От редакции
2/2004
Настоящий номер Ab Imperio продолжает начатый нами в 2004 году разговор о памяти империи и нации. Рассматривая в течение года различные аспекты памяти как культурного, социального и политического механизма функционирования человеческого сообщества, в рамках данного номера мы обращаемся к проблеме выявления и реконструкции памяти репрессированной, разделенной и потерянной. Такой ракурс в свою очередь предполагает осмысление оборотной стороны памяти – забывания, вытеснения, репрессии или фрагментации образа прошлого.
Если наложить оппозицию “целостная память – подавление/селекция воспоминаний” на коллизию отношений между интегрирующей империей и “индивидуализирующей” нацией, то окажется, что в модерном дискурсе империя ассоциируется с внешним и нелегитимным насилием над национальным и культурным разнообразием. Это “насилие” может выступать, прежде всего, в форме запрета на память и навязывания однородности восприятия исторического прошлого. Именно в таком ракурсе обычно предстает политика авторитарных коммунистических режимов, породивших, по расхожему выражению времен перестройки, “белые” и “черные” пятна истории. Однако имперское насилие над памятью может принимать и более сложные формы, такие как потеря собственного “голоса”, вымещение и замещение культурных кодов прочитывания собственного прошлого. Эту проблематику плодотворно разрабатывают постколониальные исследования. В общем, мы склонны ожидать, что “имперская” память монологична и авторитарна, поскольку формируется в центре и затем распространяется “сверху вниз”. По этой же логике нация, национальное сообщество, национальное государство ассоциируются с освобождением от репрессии имперского “Центра”. Национальный нарратив предстает как история “снизу”, как реабилитированная и легитимированная “память”, а основной конфликт, соответственно, должен возникать между памятью империи и нации…
Работая над материалами номера и размышляя над проблемой воспоминания-забывания, мы вместе с нашими авторами обнаружили гораздо более сложную картину.

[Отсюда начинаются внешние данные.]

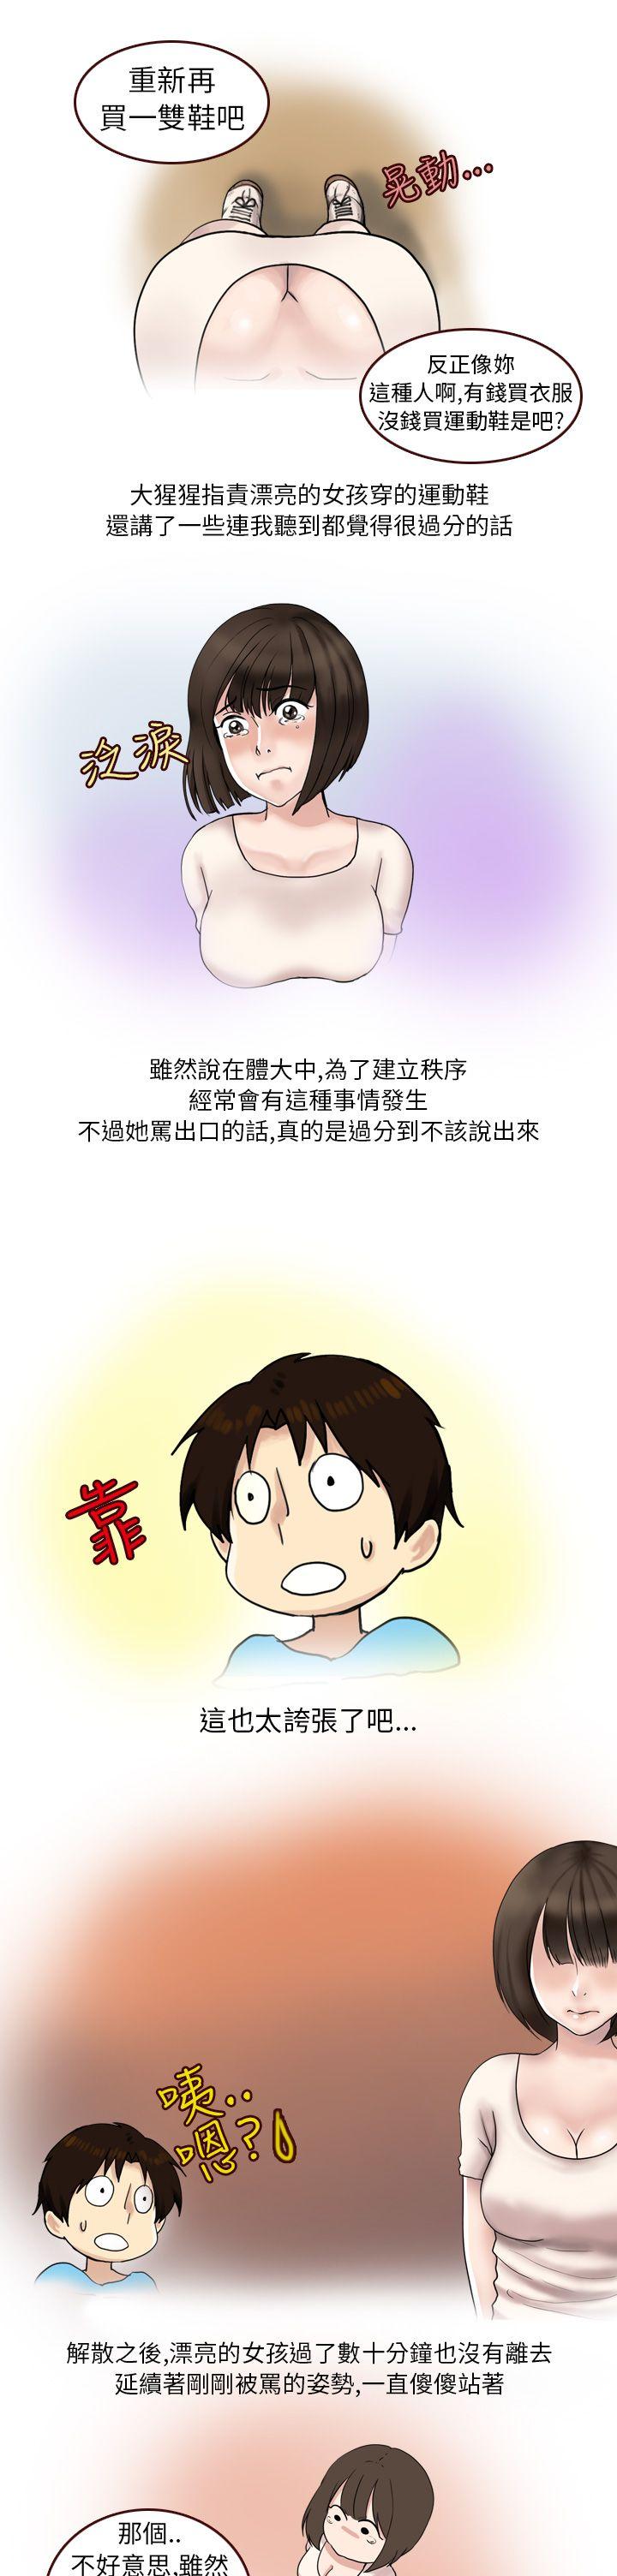 秘密Story第二季  与体大女生的恋爱(上) 漫画图片3.jpg

Публикуемые статьи вскрывают конфликт репрезентации прошлого, существующий между различными агентами как внутри “империи”, так и внутри “нации”, и показывают пористость аналитической границы между имперской и национальной памятью. Так, В. Кравченко показывает присутствие имперских тропов в “национальной памяти”, в то время как статья С. Екельчика высвечивает специфику политики памяти в советской “империи”, пытавшуюся интегрировать в себя, выделить и соответственно маркировать национальные нарративы прошлого. Е. Вишленкова говорит об имперских культурных кодах восприятия прошлого, которые со временем вытесняются национальным нарративом, делающим ключ к их пониманию недоступным для нас. Современная национальная идентичность, в свою очередь, в статьях наших авторов выступает как разворачивающийся конфликт (или “плебисцит” – перефразируя классическое определение Ренана) по поводу памяти (см. статьи Б. Хоппе, Е. Ивановой, Ст. Бергера и др.).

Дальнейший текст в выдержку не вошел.